10 most important eReader developments in the rest of 2010

It’s fun to wonder what the biggest eReader developments for the rest of 2010 will be. Here are the 10 developments that, in my opinion, would have the most impact.

Potential new Kindle for Christmas

This is wild speculation – and yet, if Amazon releases a super Kindle or a color Kindle for Christmas that wins it the holiday season then Amazon would get a death grip on the dedicated eReader market.

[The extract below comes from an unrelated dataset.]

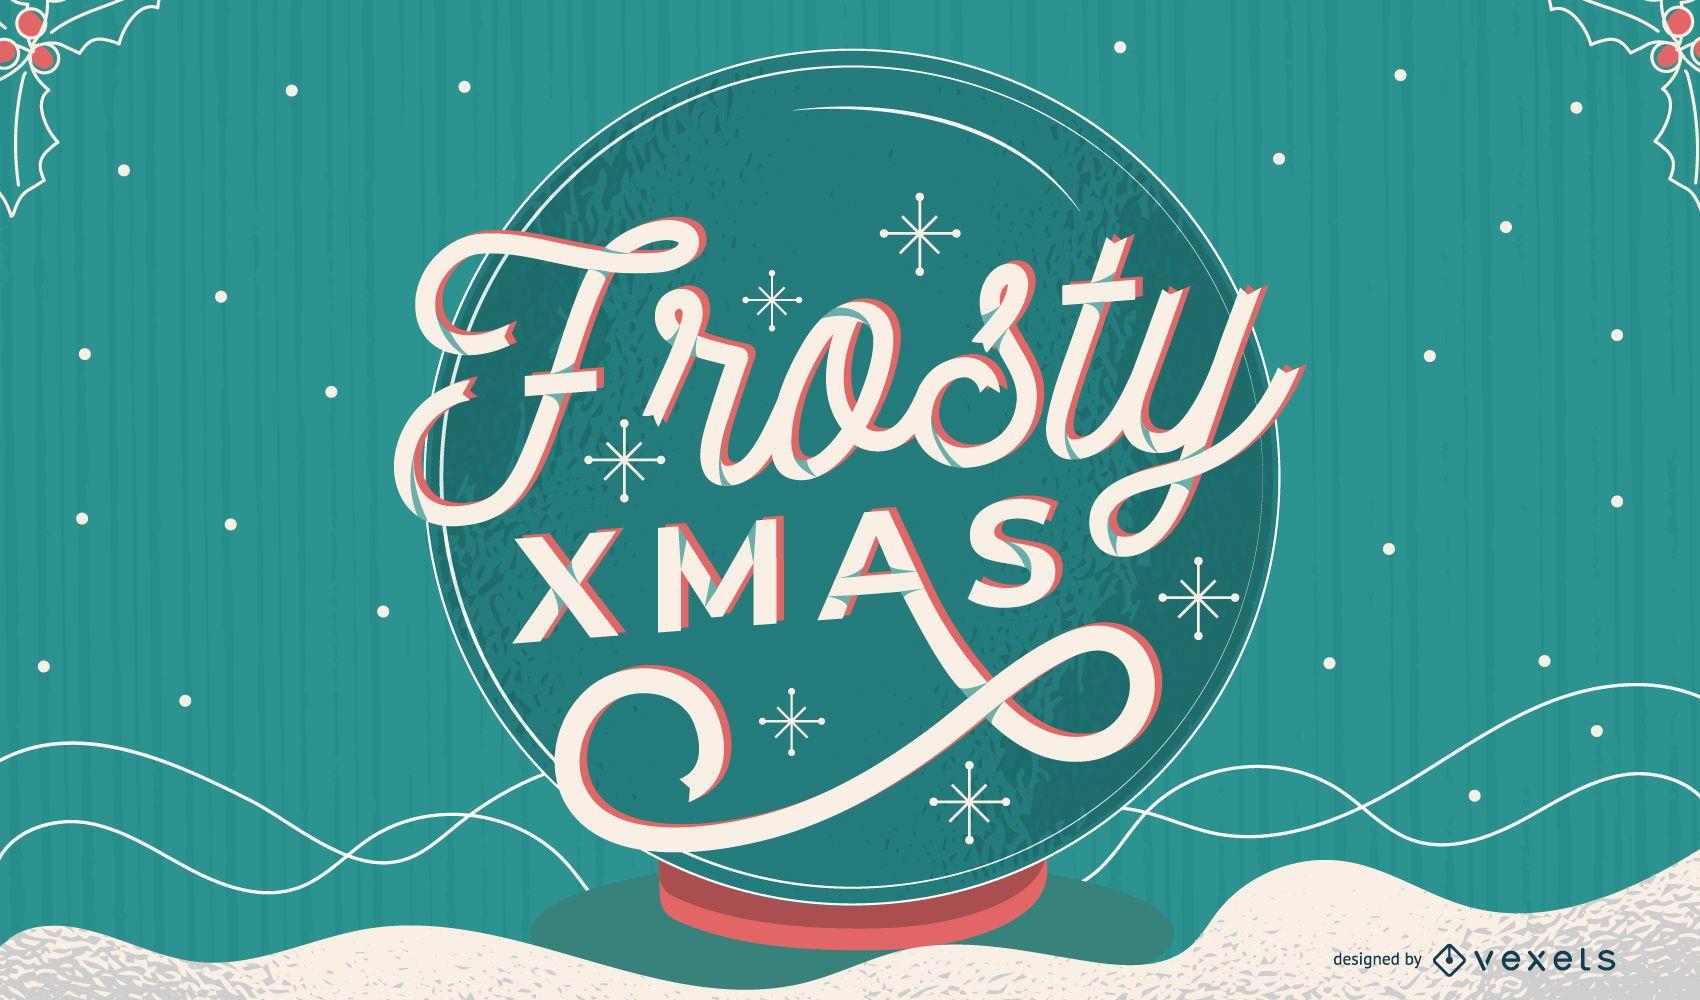 Frosty xmas lettering design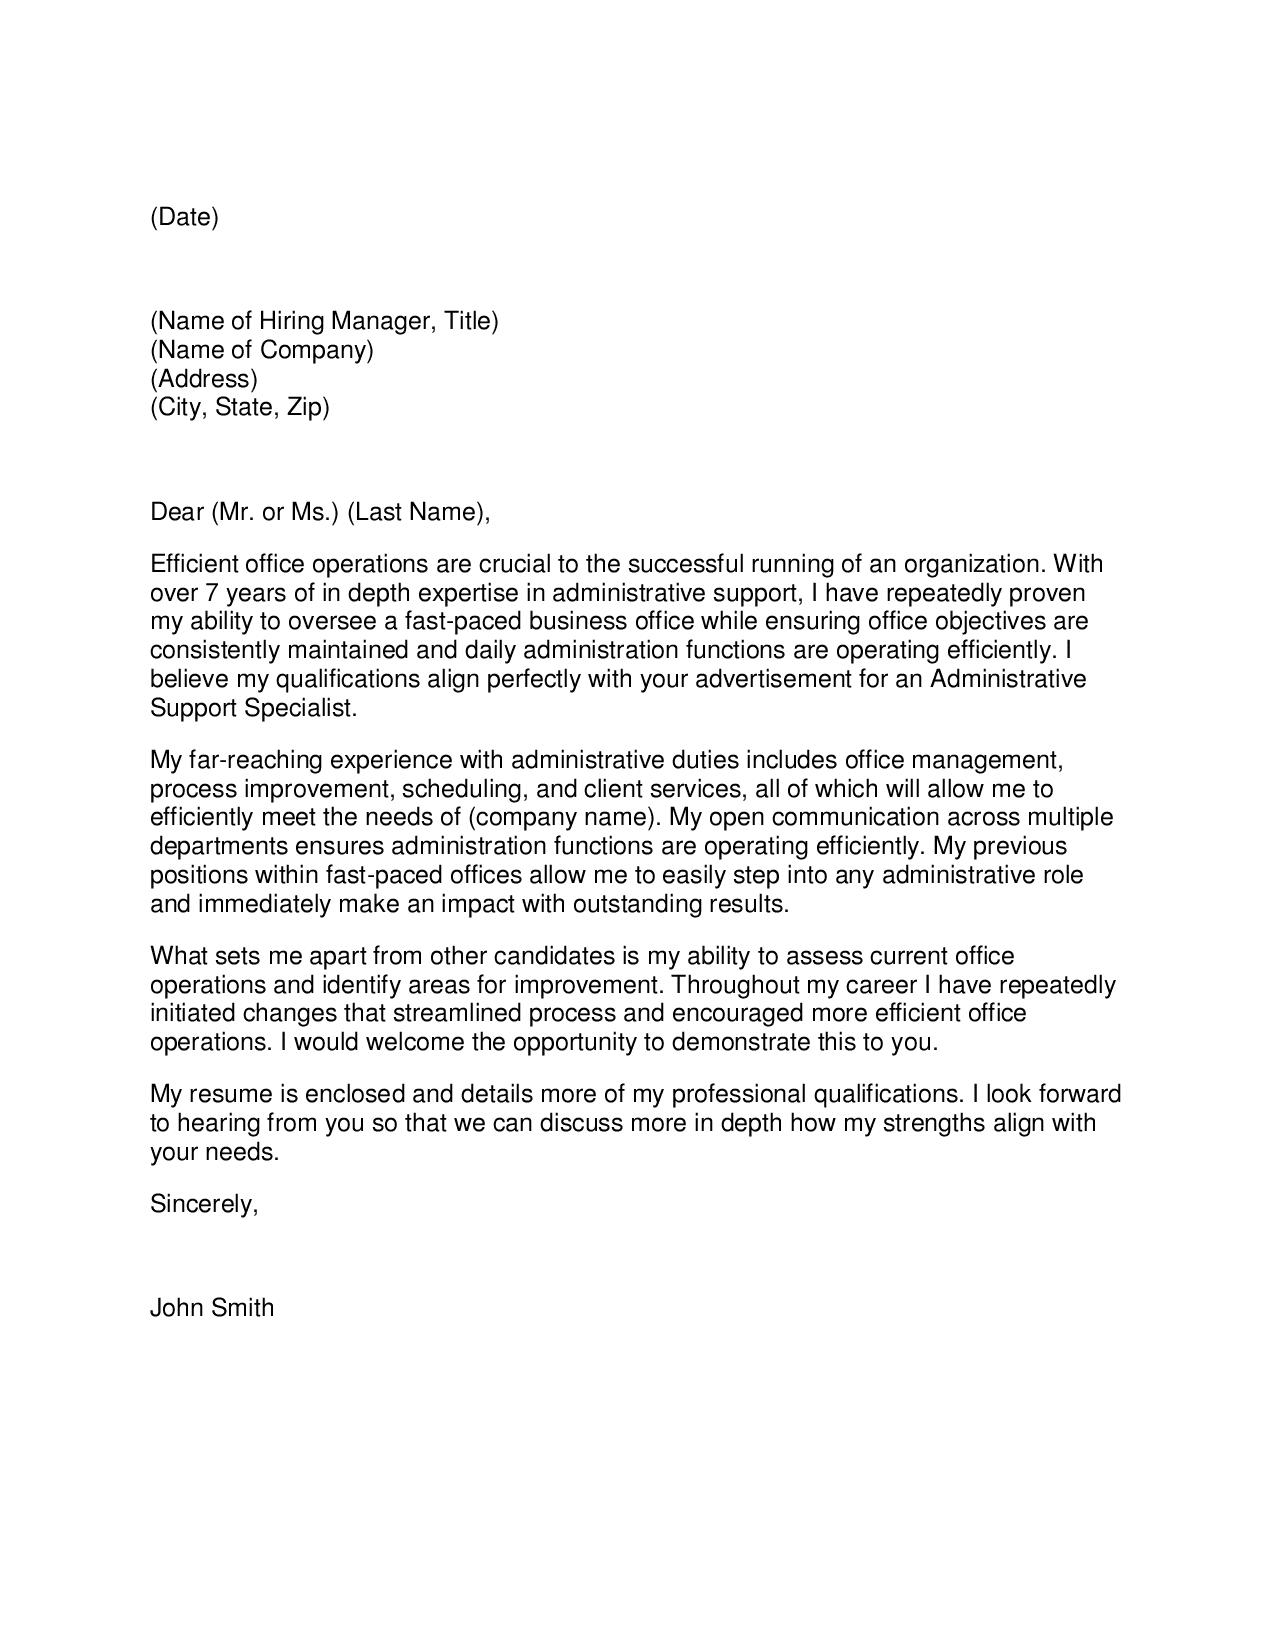 example resume  sample resume peer support specialist

Amazon’s first option is to create a game changing new super Kindle that has one or more killer features that absolutely destroy the competition (color, an absolutely brilliant new screen, dual-mode screen, flexible touch-screen). This combined with the Kindle Store and the Kindle service (WhisperNet, free browsing, etc.) would make the Super Kindle the clear #1 option. It would also entice more casual readers to buy the Kindle as they could get over non-reading related objections such as the lack of color and the lack of touch.

The second option is to create a multi-purpose Kindle (in addition to the dedicated Kindles) that takes on multi-purpose devices directly. The default reading app would be Kindle for Kindle (perhaps the new Kindle should be called Kindle Impure) and Amazon would lock in ebook revenue from casual readers. Strategically, it’s the most effective approach to counter the iPad (though an expensive one) as it changes the Kindle vs iPad conversation to - Kindle Impure vs iPad if you want a multi-purpose device and Kindle vs Nook if you want a reading focused device.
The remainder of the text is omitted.